- _Assignment_
Copy out exactly the lines spanning the line with "igloo+ dome hybrid" to the line with "vector henna tatoo", inclusive, from the data underneath, with no pictures.

- _Data for the task_
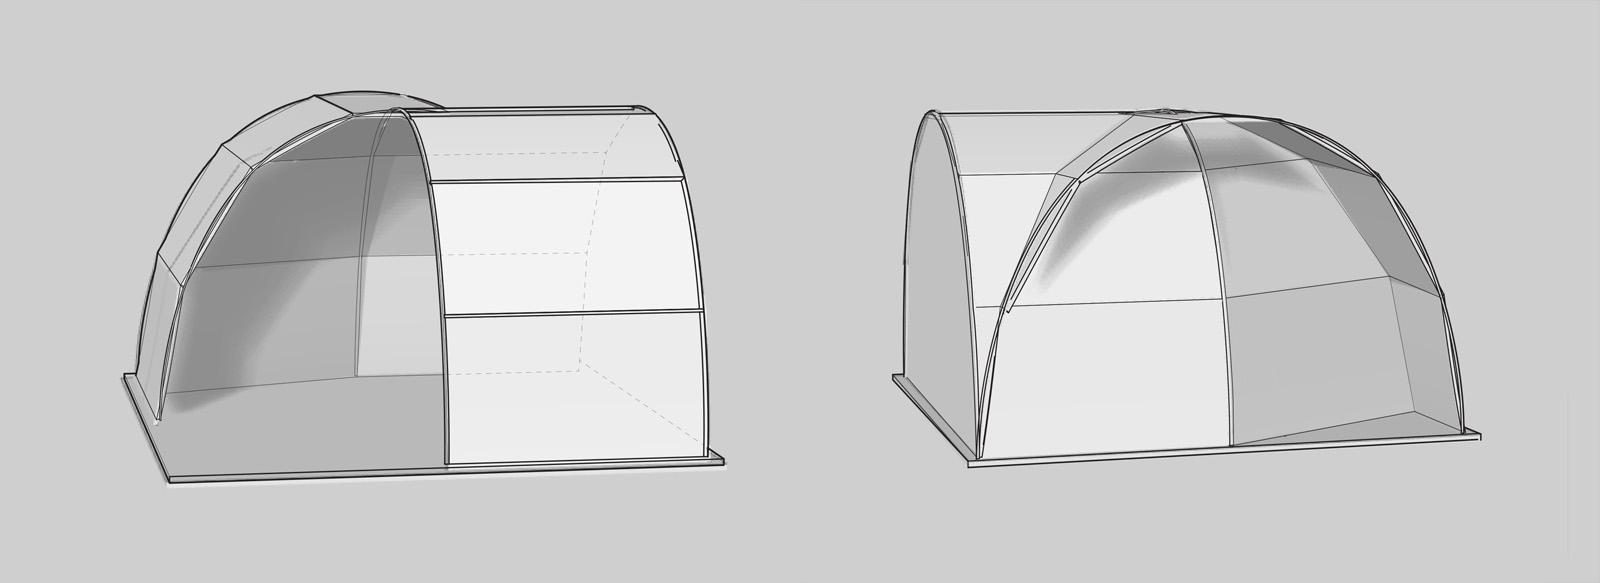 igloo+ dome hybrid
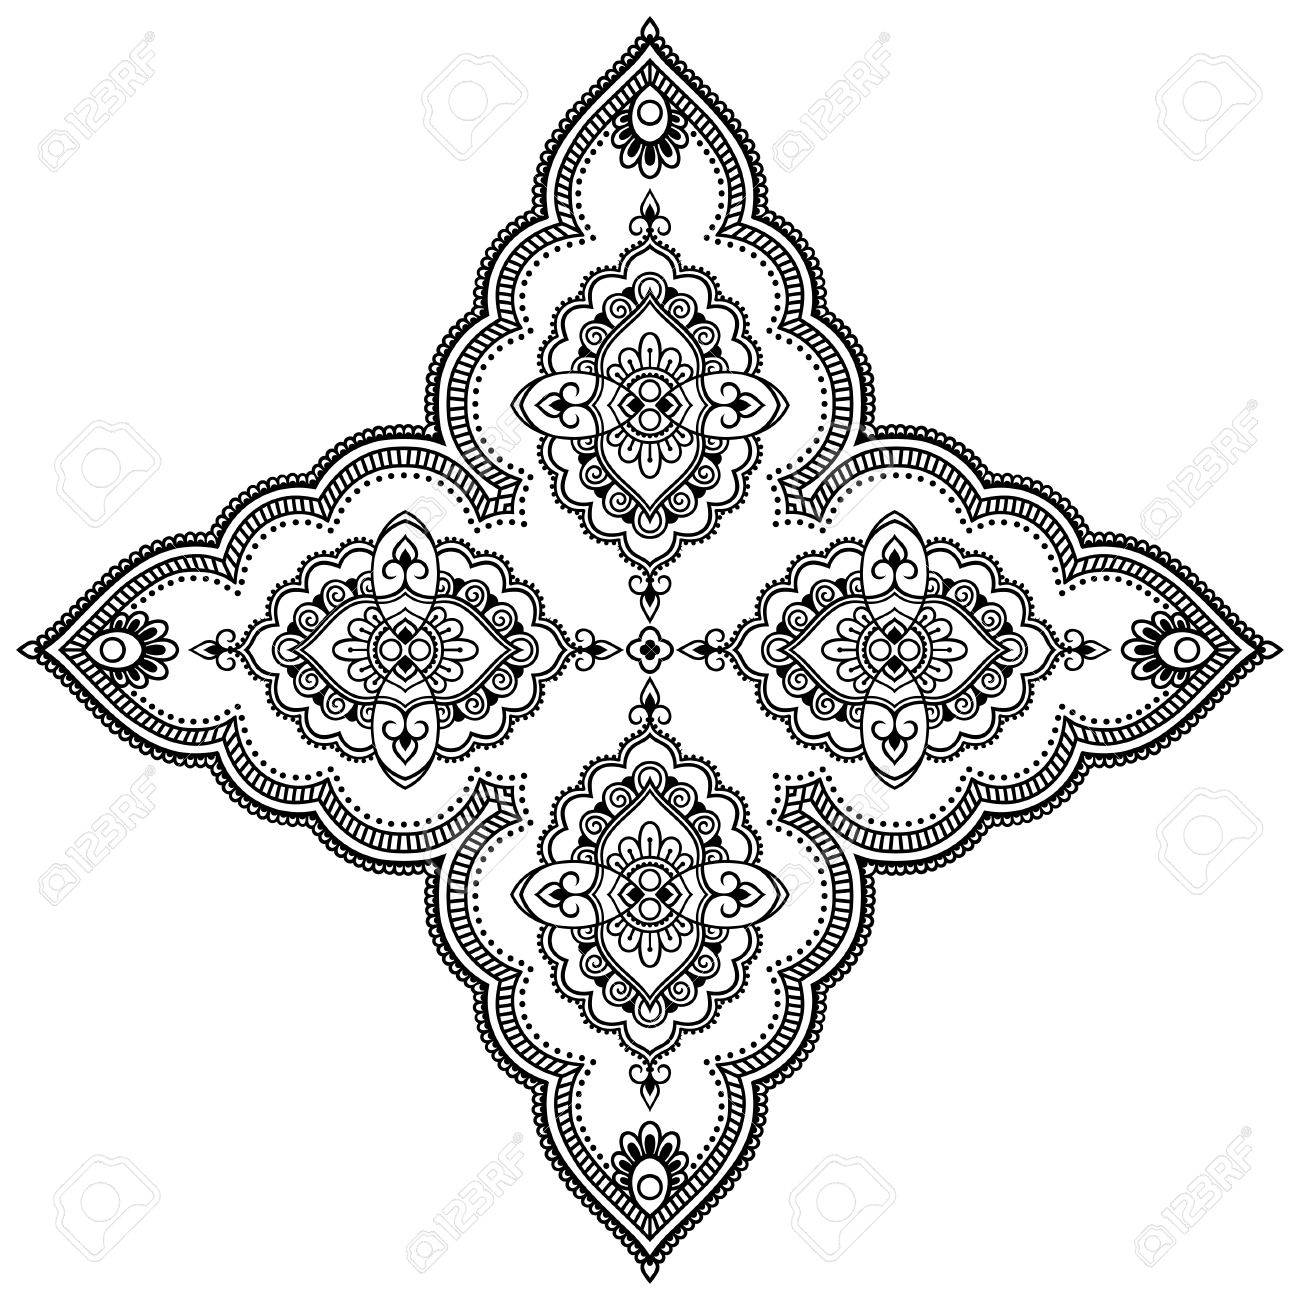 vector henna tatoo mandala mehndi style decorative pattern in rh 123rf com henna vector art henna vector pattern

---

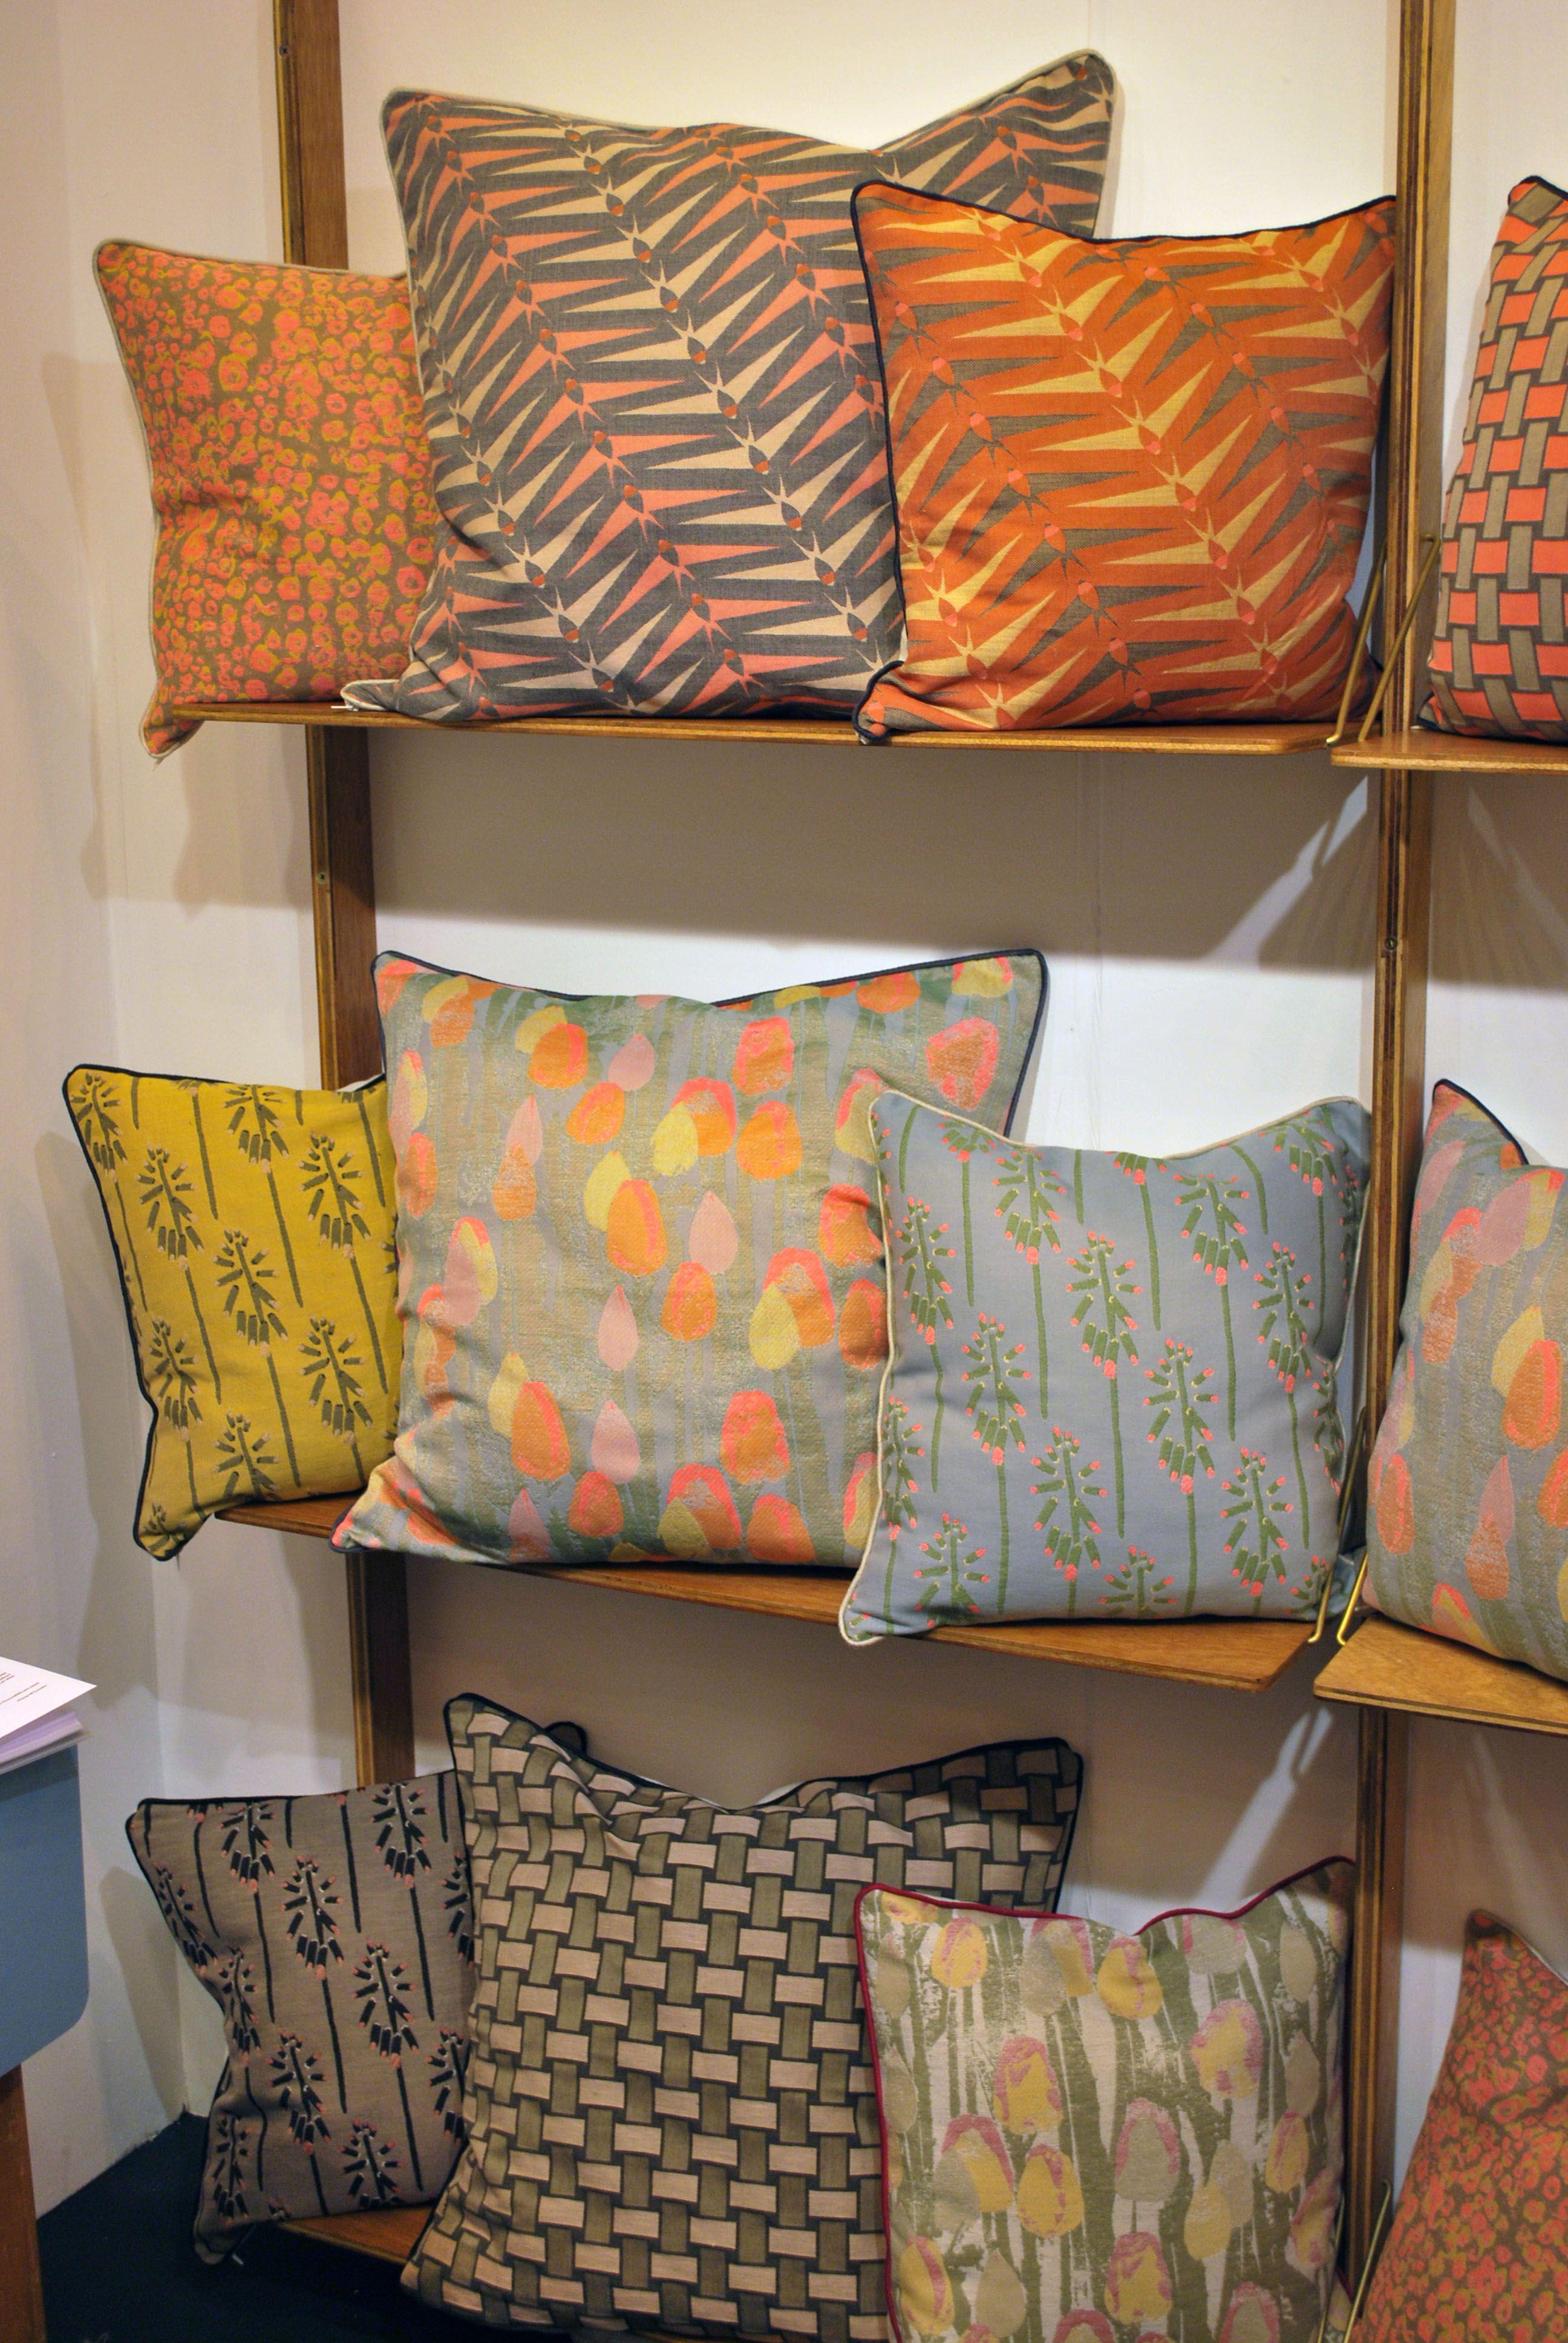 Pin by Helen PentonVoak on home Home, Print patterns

- _Task response_
 igloo+ dome hybrid
 vector henna tatoo mandala mehndi style decorative pattern in rh 123rf com henna vector art henna vector pattern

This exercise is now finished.